Received our new Oracle Touch last Friday. Somewhat cheating I know but need to be able to pop out of the home office and make a drink quickly during the weekdays.

We mainly drink milky coffees latte, flat white, cappuccino which playing around yesterday using some Lavazza supper cream beans (we have better independent beans on order after exploring this site) was impressive (we upgraded from a magimix m190 nespresso).

so my question, instructions say you must have the milk above the rubber seal on the wand, with the milk jug provided that is too much for one latte creating waste and not enough for two. Wondering how people work around this, perhaps a larger jug and making more milk for two lattes (which would work as generally the wife has one when I do)?

Thanks in advance

D.


----------



## Dalerst (Jan 22, 2020)

I have a touch, i suppose it depends on how big you make your coffee, coffee shot size and milk volume.

I make a flat white at 240g which equates to 40g shot of espresso and 200g milk, i find i have to fill the milk jug between the min and max line which only leaves the last 20g of milk left, but thats on purpose, i find its always watery at the bottom anyway.

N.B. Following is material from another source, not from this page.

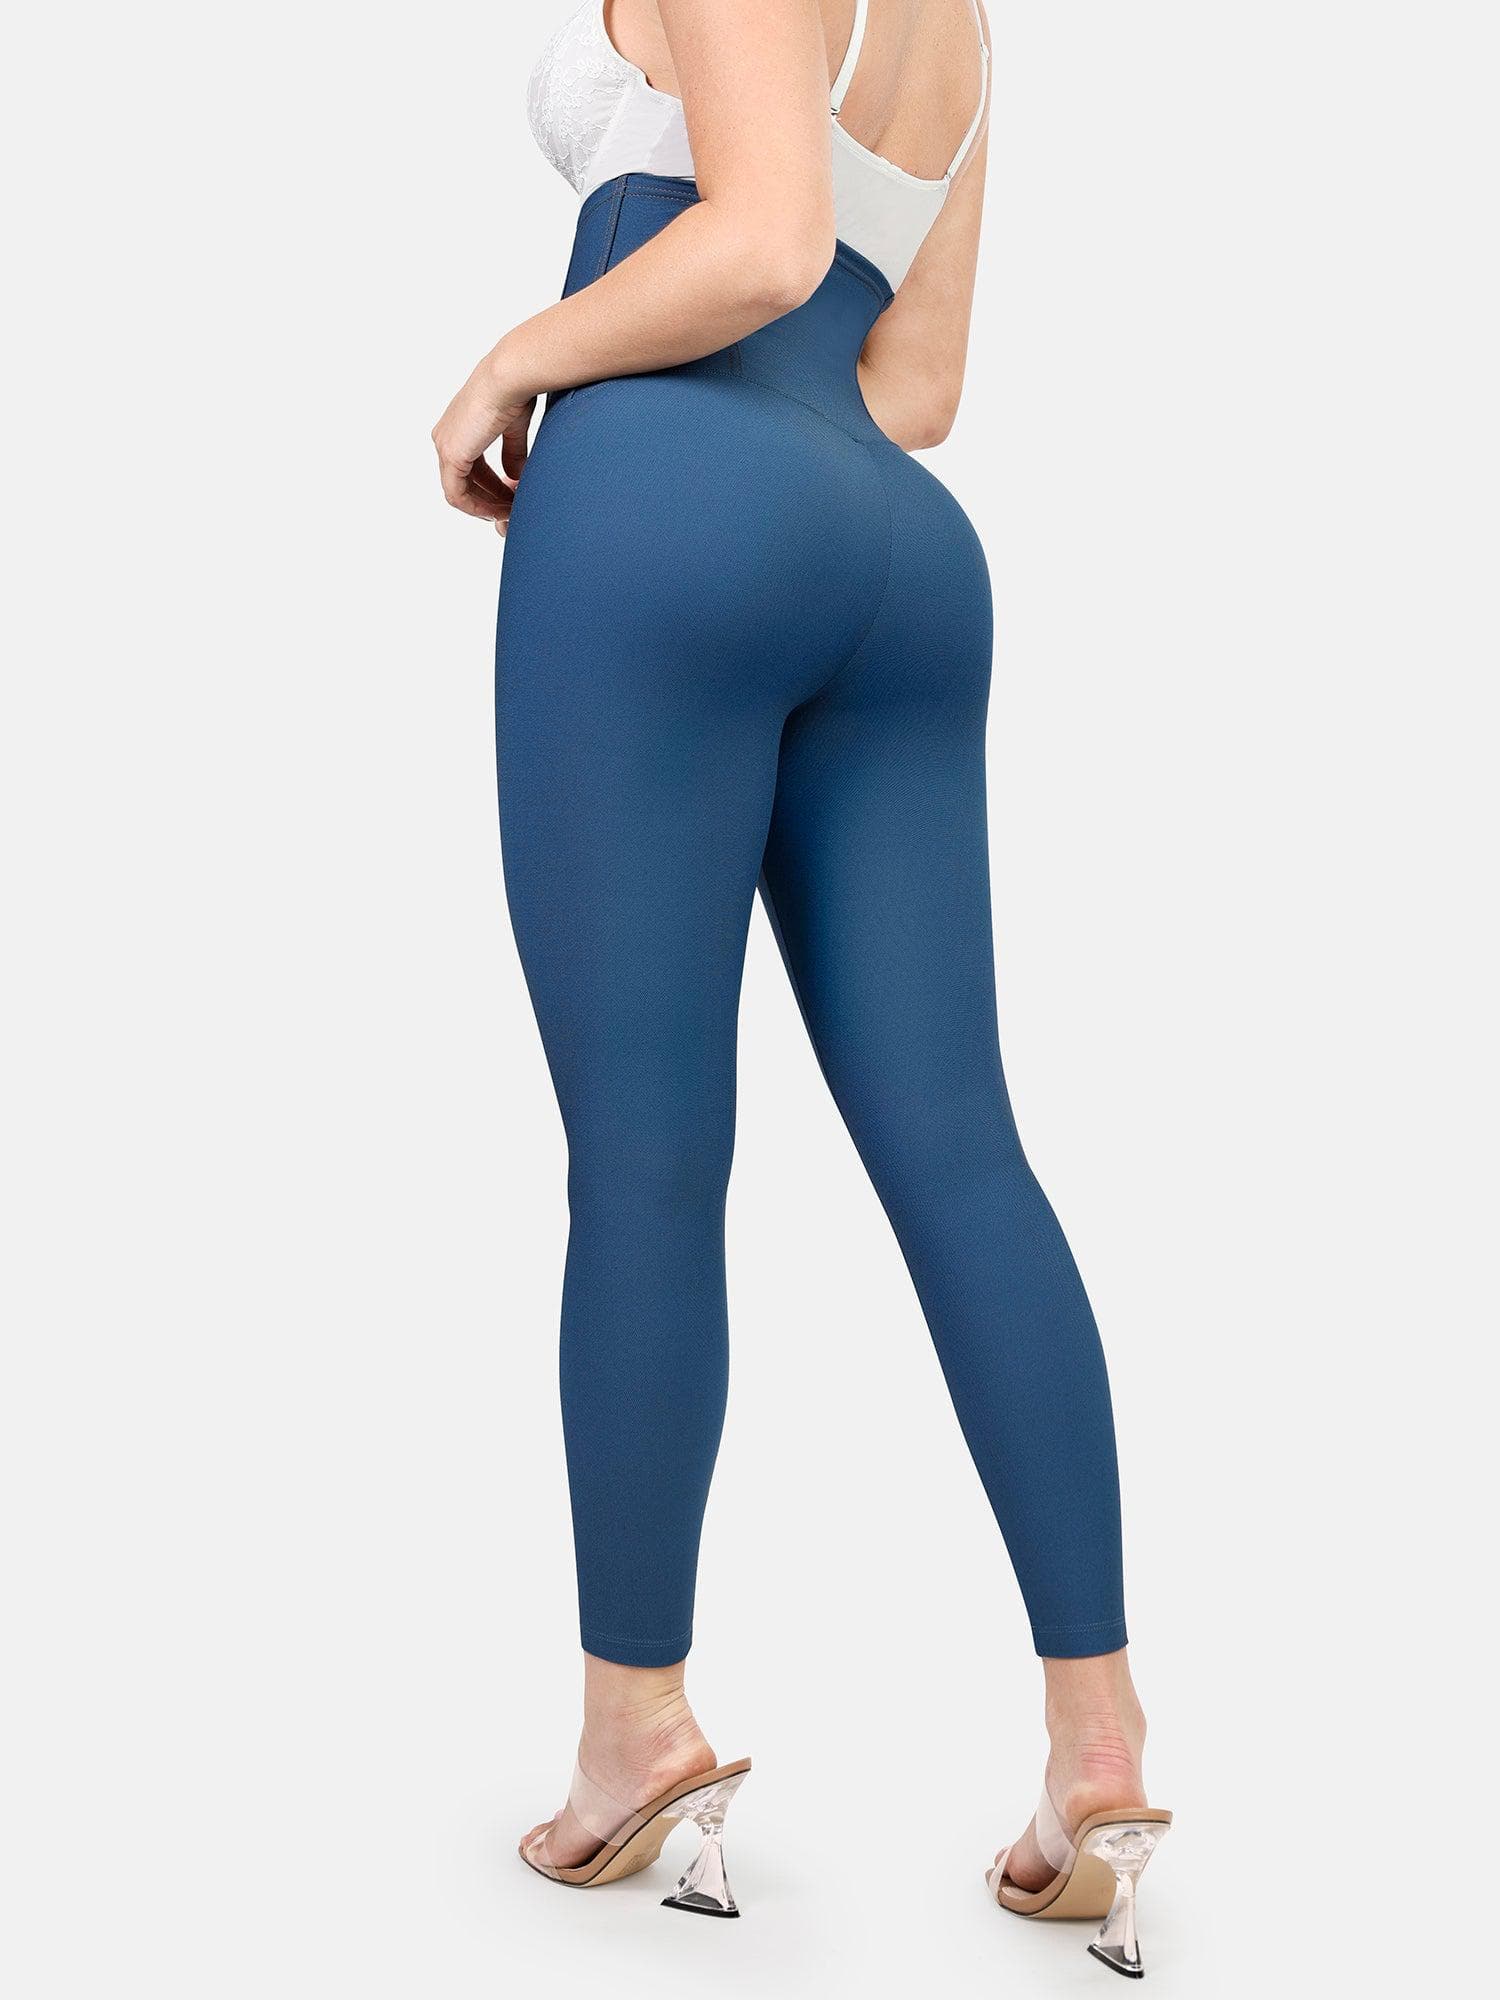 Jean Look Leggings For Women High Waist Tummy Control With Back
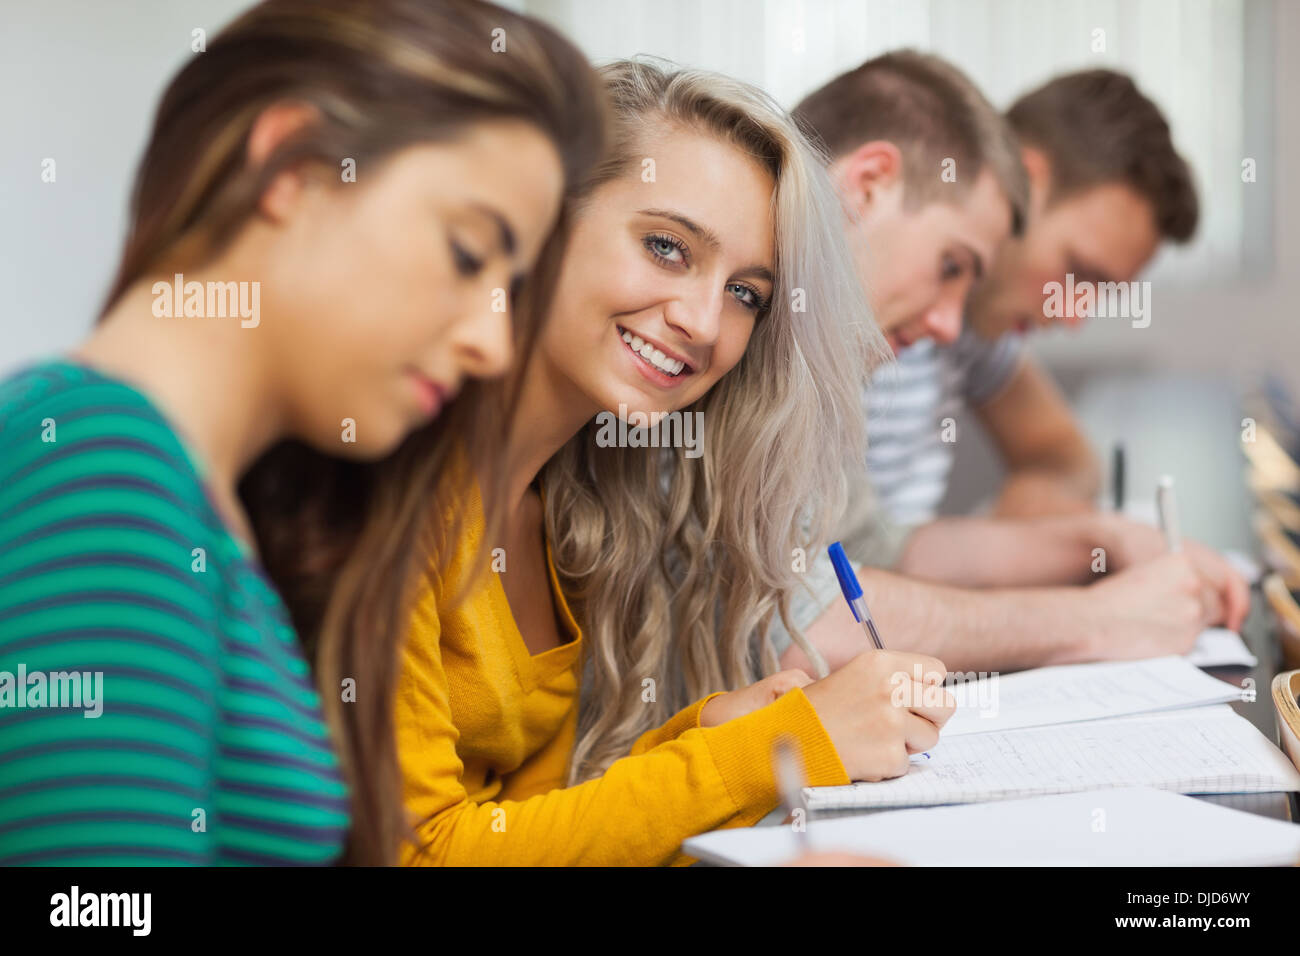 Smiling blonde student looking at camera Stock Photo

But being honest i also do my milk on manual so i can adjust the jug to suit.


----------



## Kannan (Mar 28, 2020)

You can get smaller (and larger) jugs with markings on the side so if you want milk for one (which I sometimes do) I just use my smaller jug... no waste!


----------



## Kannan (Mar 28, 2020)

Oh and just another tip - cold jug and cold milk! Rinse the jug out in cold tap water before you auto steam...


----------



## Darren-Oracle (Apr 18, 2020)

Thanks all, useful tips 🙂


----------